THE FERNANDO PRINCIPLES R. v FERNANDO
Mr. Justice Wood,
Supreme Court of New South Wales.(1992) 76 Australian Criminal Reports 58, at pages 62 & 63.
"(A) The same sentencing principles are to be applied in every case irrespective of the identity of a particular offender or his membership of an ethnic or other group but that does not mean that the sentencing court should ignore those facts which exist only by reason of the offenders' membership of such a group.
(B) The relevance of the Aboriginality of an offender is not necessarily to mitigate punishment but rather to explain or throw light on the particular offence and the circumstances of the offender.
(C) It is proper for the court to recognise that the problems of alcohol abuse and violence which to a very significant degree go hand in hand within Aboriginal communities are very real ones and their cure requires more subtle remedies than the criminal law can provide by way of imprisonment.
(D) Notwithstanding the absence of any real body of evidence demonstrating that the imposition of significant terms of imprisonment provides any effective deterrent in either discouraging the abuse of alcohol by members of the Aboriginal society or their resort to violence when heavily affected by it, the courts must be very careful in the pursuit of their sentencing policies to not thereby deprive Aboriginals of the protection which it is assumed punishment provides.

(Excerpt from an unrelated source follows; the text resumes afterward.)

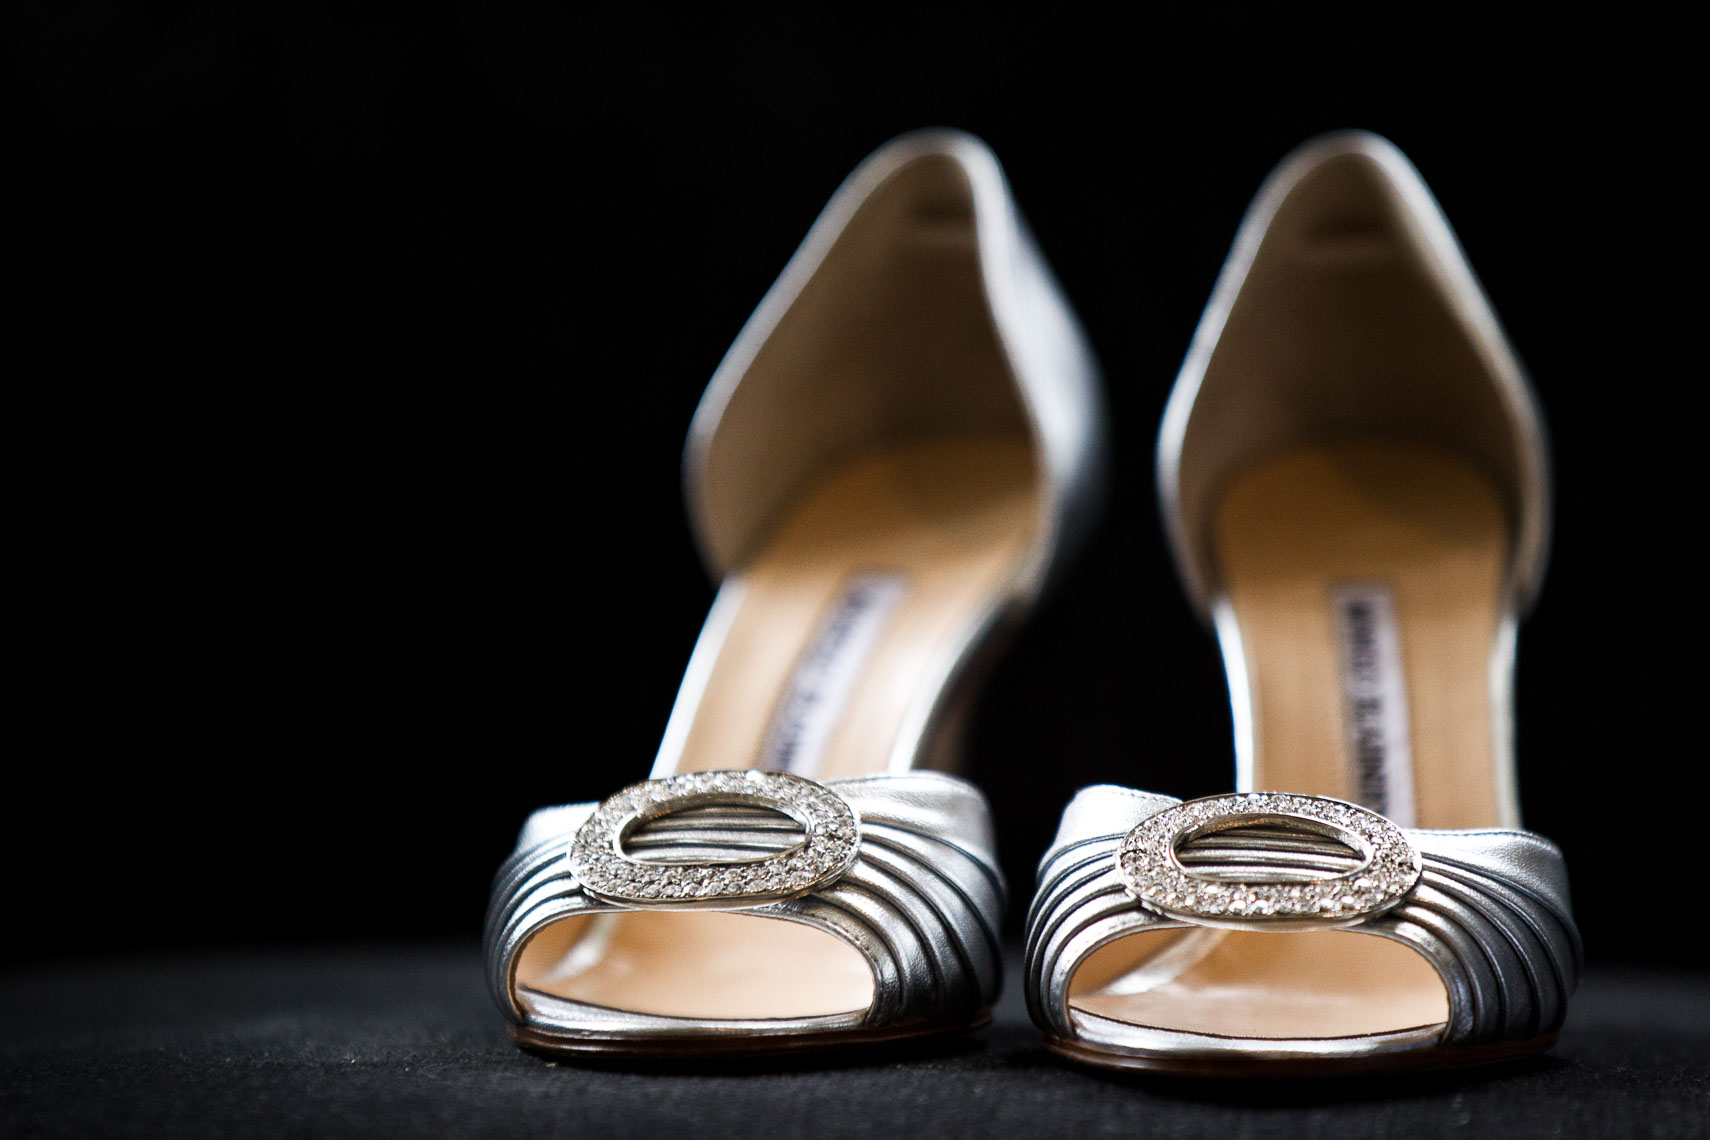 Silver bridal shoes on a black background

In short, a belief cannot be allowed to go about that serious violence by drunken persons within their society are treated by the law as occurrences of little moment.
(E) While drunkenness is not normally an excuse or mitigating factor, where the abuse of alcohol by the person standing for sentence reflects the socio-economic circumstances and environment in which the offender has grown up, that can and should be taken into account as a mitigating factor. This involves the realistic recognition by the court of the endemic presence of alcohol within Aboriginal communities, and the grave social difficulties faced by those communities where poor self-image, absence of education and work opportunity and other demoralising factors have placed heavy stress on them, reinforcing their resort to alcohol and compounding its worst effects.
(F) That in sentencing persons of Aboriginal descent the court must avoid any hint of racism, paternalism or collective guilt yet must nevertheless assess realistically the objective seriousness of the crime within its local setting and by reference to the particular subjective circumstances of the offender.
(G) That in sentencing an Aborigine who has come from a deprived background or is otherwise disadvantaged by reason of social or economic factors, or who has little experience of European ways, a lenghty term of imprisonment may be particularly, even unduly, harsh when served in an environment which is foreign to him and which is dominated by inmates and prison officers of European background with little understanding of his culture and society or his own personality.
(H) That in every sentencing exercise, while it is important to ensure that the punishment fits the crime and not to lose sight of the objective seriousness of the offence in the midst of what might otherwise be subjective circumstances, full weight must be given to the competing public interest to rehabilitation of the offender and the avoidance of recidivism on his part.
Those then are the principles which I propose to bring to bear in this difficult case."